Chaahe tum kuchh na kaho maine sun liya
Ki saathi pyaar ka mujhe chun liya
Chun liya
Maine Sun liya

Pehla nasha
Pehla khumaar
Naya pyaar hai naya intezaar
Kar loon main kya apna haal
Aye dil-e-bekaraar
Mere dil-e-bekaraar
Tu hi bata

Pehla nasha
Pehla khumaar.......<3

now that's THE song. Pure fantasy, love and magic. No wonder there are as much as a hundred blogs on this one. But for me, personally this is the song that is no match to any other. The music video especially should have been the key inspiration to most other Amir khan and Ayesha jhulka clones. The lyrics define what romance actually is. And everytime the song is heard, "wow" is what most people say, and for me its a little more than that. i keep singing the song for that entire day. Now that's the worst bit isn't it?
regards.

Friday, July 3, 2009

Life that's so wierd

I couldn't think of a stupider title for the blog which has apparently got nothing to do with my post. My school's started after a long break and wow now I'm getting into higher secondary!! But the whole "high" thing went down when i stepped into school.
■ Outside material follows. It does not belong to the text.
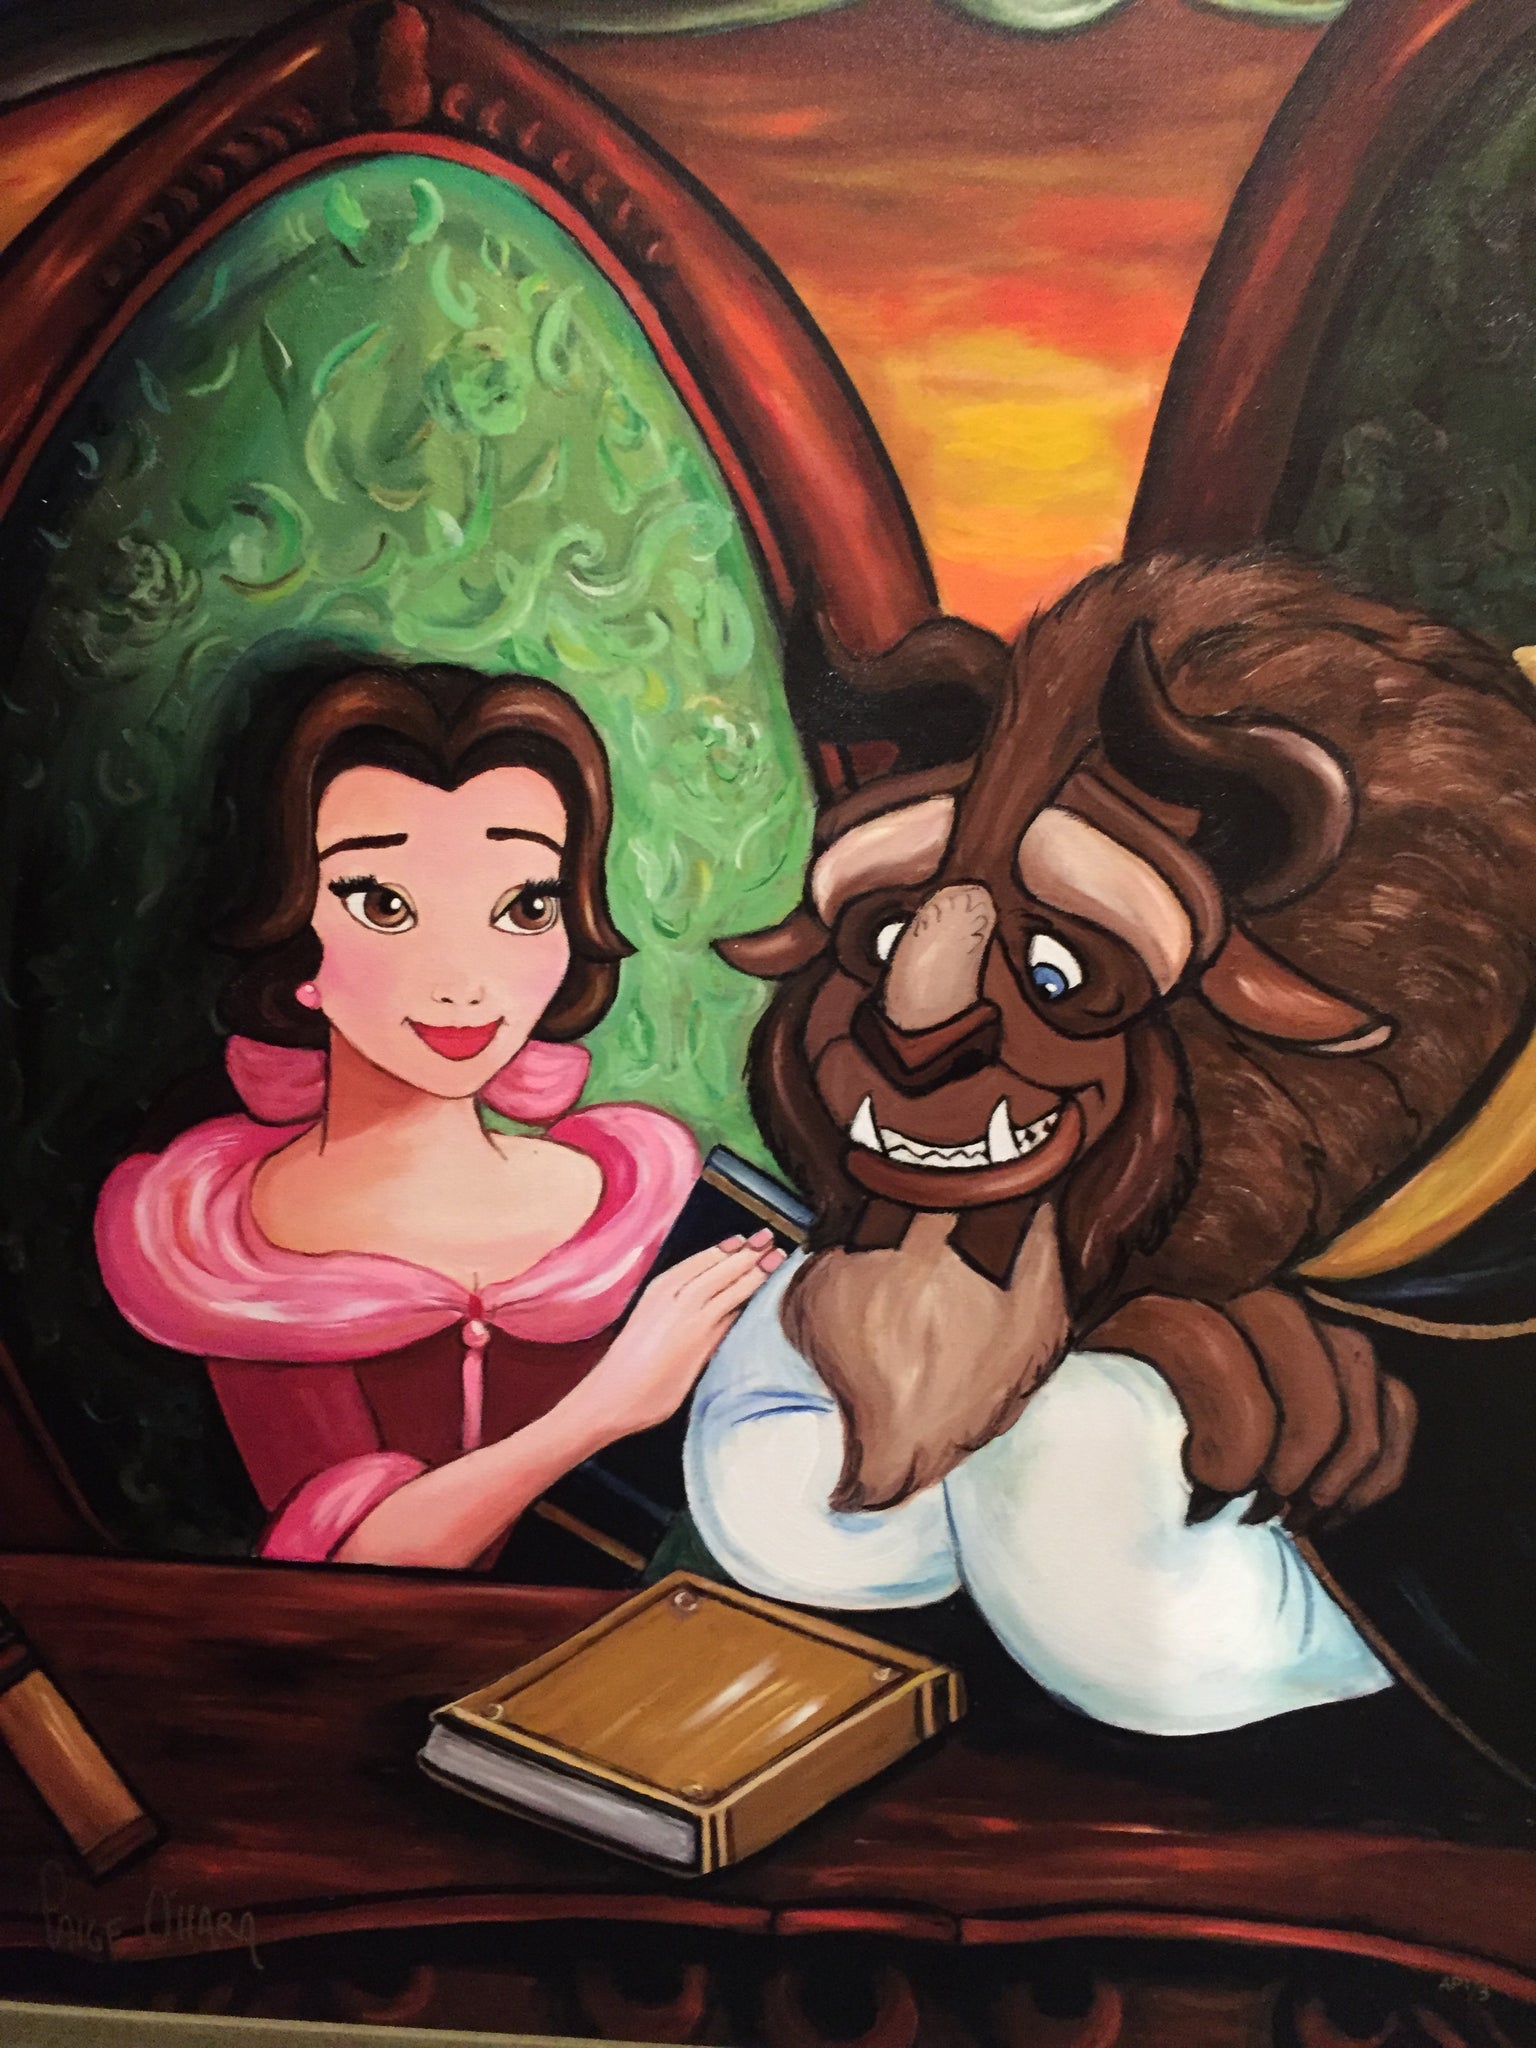 Our Story by Paige O'Hara inspired by Beauty and the Beast

Yeah, my first day to eleventh. I felt like a new comer in my school. someone told me that i was suppose to go to the first floor. I went near the class and checked the list... and there. That was one thing i can't forget. there was absolutely no one i knew. Astonished? Flabbergasted? No, possessed was I rather. I just sat. I had no idea who was next to me. I actually gave a bad time to a pathetic new comer. She tried her best saying "don't worry, that's okay, you'll find new friends." No sooner that i realized that i was actually sitting in the first bench!! No! That's just not me! It took me less than a week to pull through the whole situation. i still miss the whole bunch of mokkai's and vetti's that we had! and now im like this silent thing. I wish i could write more but mom's calling!!